Analyst: Banks will continue to outpeform until end of next year  Thursday, 8 Dec 2016 | 1:35 PM ET | 02:18

The stock market’s dramatic surge to record highs can largely be attributed to the leap in bank stocks.

Without the sector, the S&P 500 would not have closed at a record Thursday, but would still be only 0.25 percent below the old record it hit Aug. 15, according to Howard Silverblatt of S&P Dow Jones Indices. Meanwhile, his data shows that Goldman Sachs has accounted for nearly a third of the Dow Jones industrial average’s gains since the election.

There’s been a “total turnaround in the financials, and a lot of it is perception about what could be done” under President-elect Donald Trump, Silverblatt said.

Source: CNBC analysis using FactSet

After starting the year as the worst performer in the S&P 500, banks have been the best sector since Election Day on Nov. 8, rallying more than 18 percent to hit their highest level since December 2007 as of Thursday. The S&P 500 has climbed nearly 5 percent since the election, also to all-time highs.

In contrast, financial stocks — which included real estate until those stocks’ separation into a new sector in September — declined by 0.47 percent over the period between the end of 2014 and Election Day 2016. The broader S&P 500 took more than a year from May 2015 to post a new high this past July.

“It’s very difficult to get a sustained rally without the financials rallying,” said Jack Ablin, chief investment officer at BMO Private Bank.
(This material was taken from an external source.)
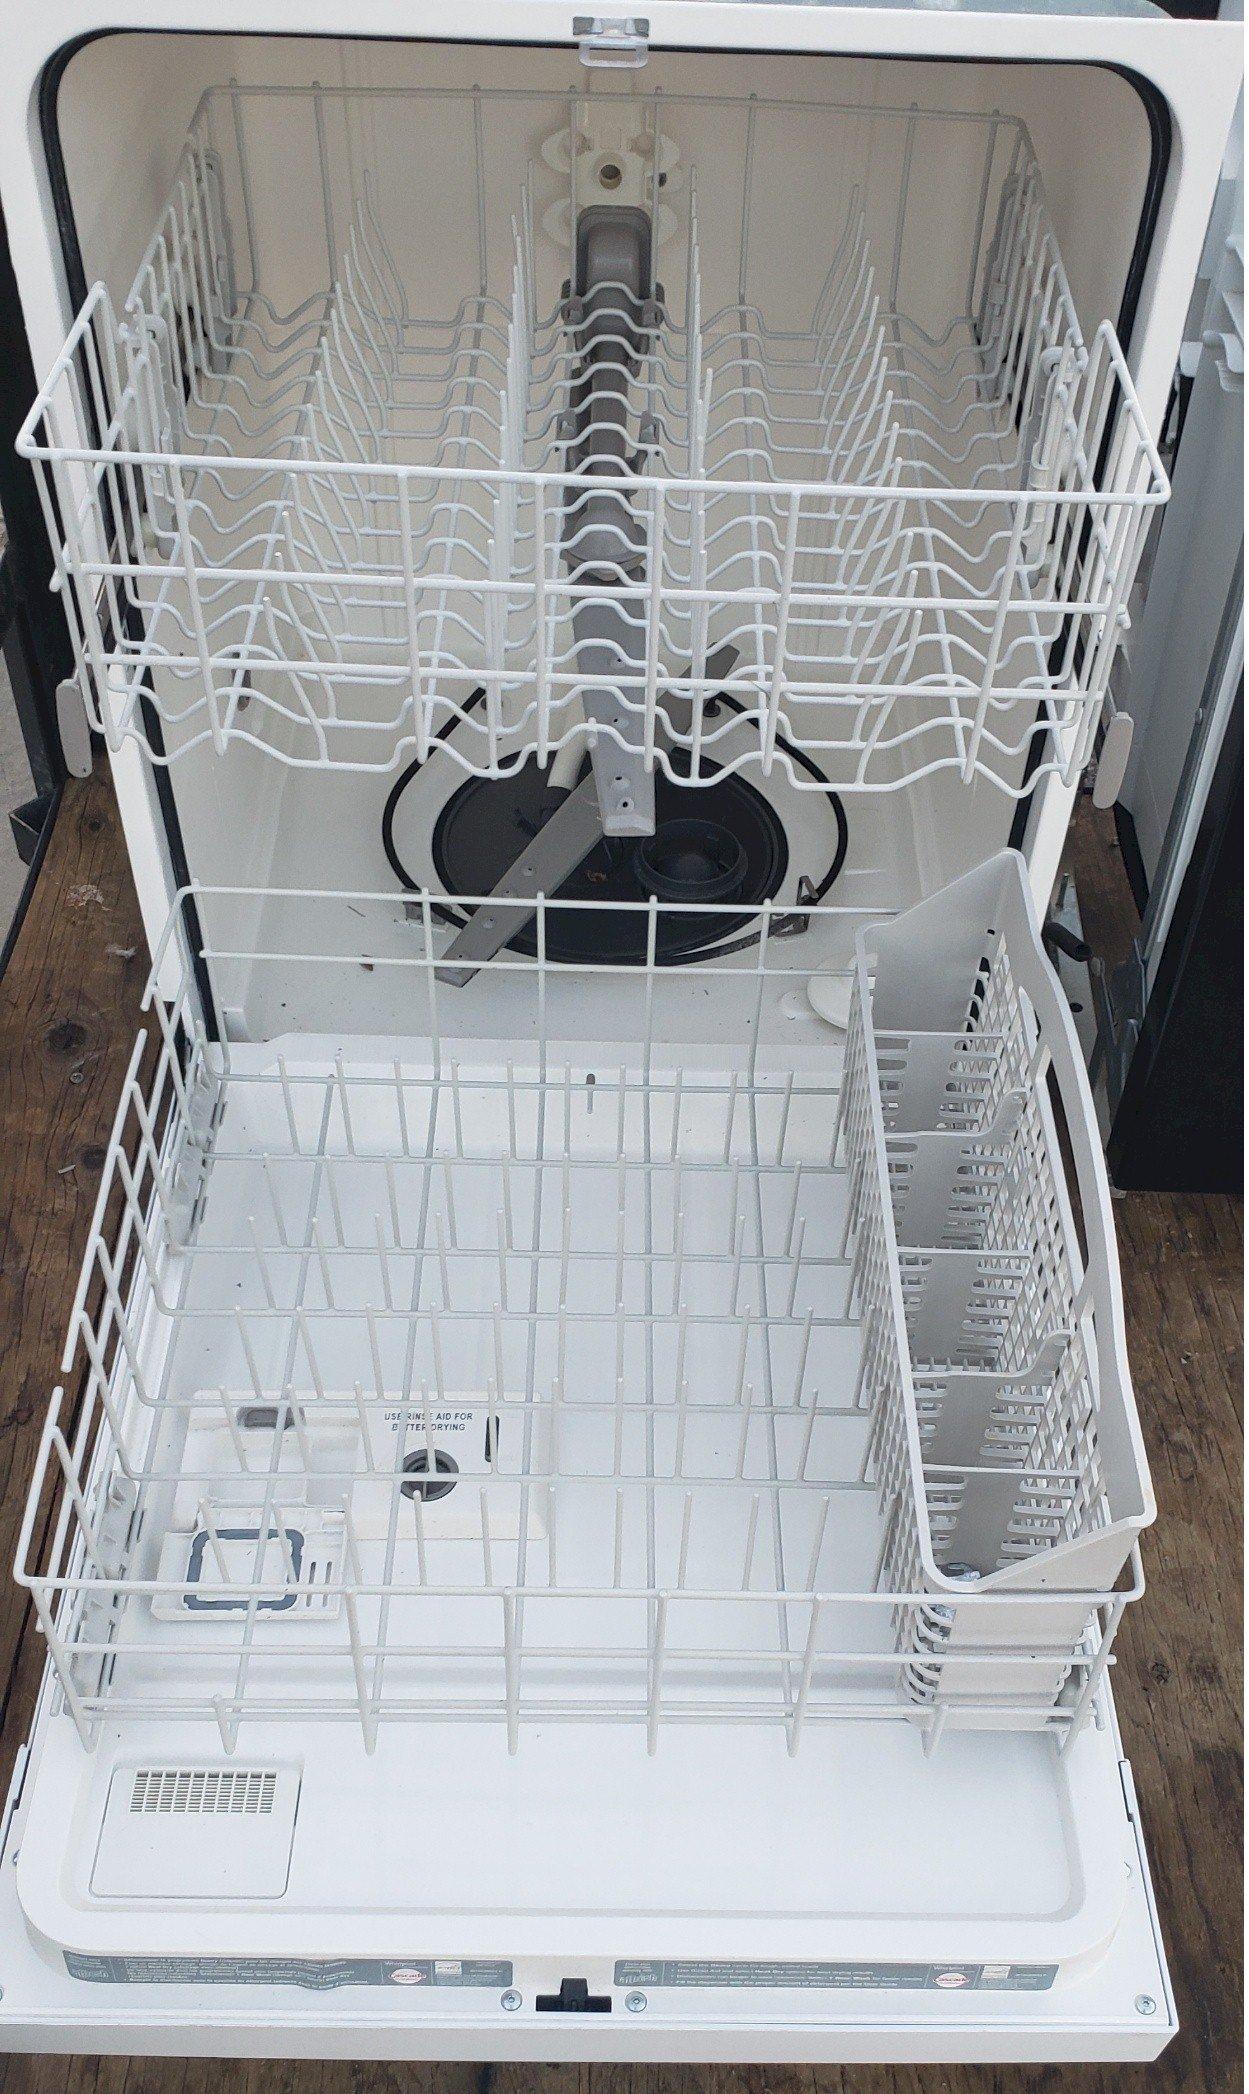 1 White Whirlpool Dishwasher inside

He found that the S&P 500 tends to follow the performance of the financials sector, which has the second-greatest weighting in the index.

Banks are “really advancing on the back of higher interest rates. It’s probably the one sector that benefits from higher rates. I think investors are not only gravitating to it, but they are using it as a hedge,” Ablin said. Higher interest rates increase banks’ profit margins.

The financial sector is watched as an indicator of economic growth. The more business activity there is, the more loans are taken out, and the more money banks can make.

“It’s typically healthy that the financials are leading. It’s suggesting the economy is in good shape. It’s not something we’ve had” over the last few years, said Bruce Bittles, chief investment strategist at Baird.

Financials were already on the rise ahead of the U.S. presidential election, as the economic outlook improved, as trading volumes picked up and as global central bank policy appeared to turn less stimulative.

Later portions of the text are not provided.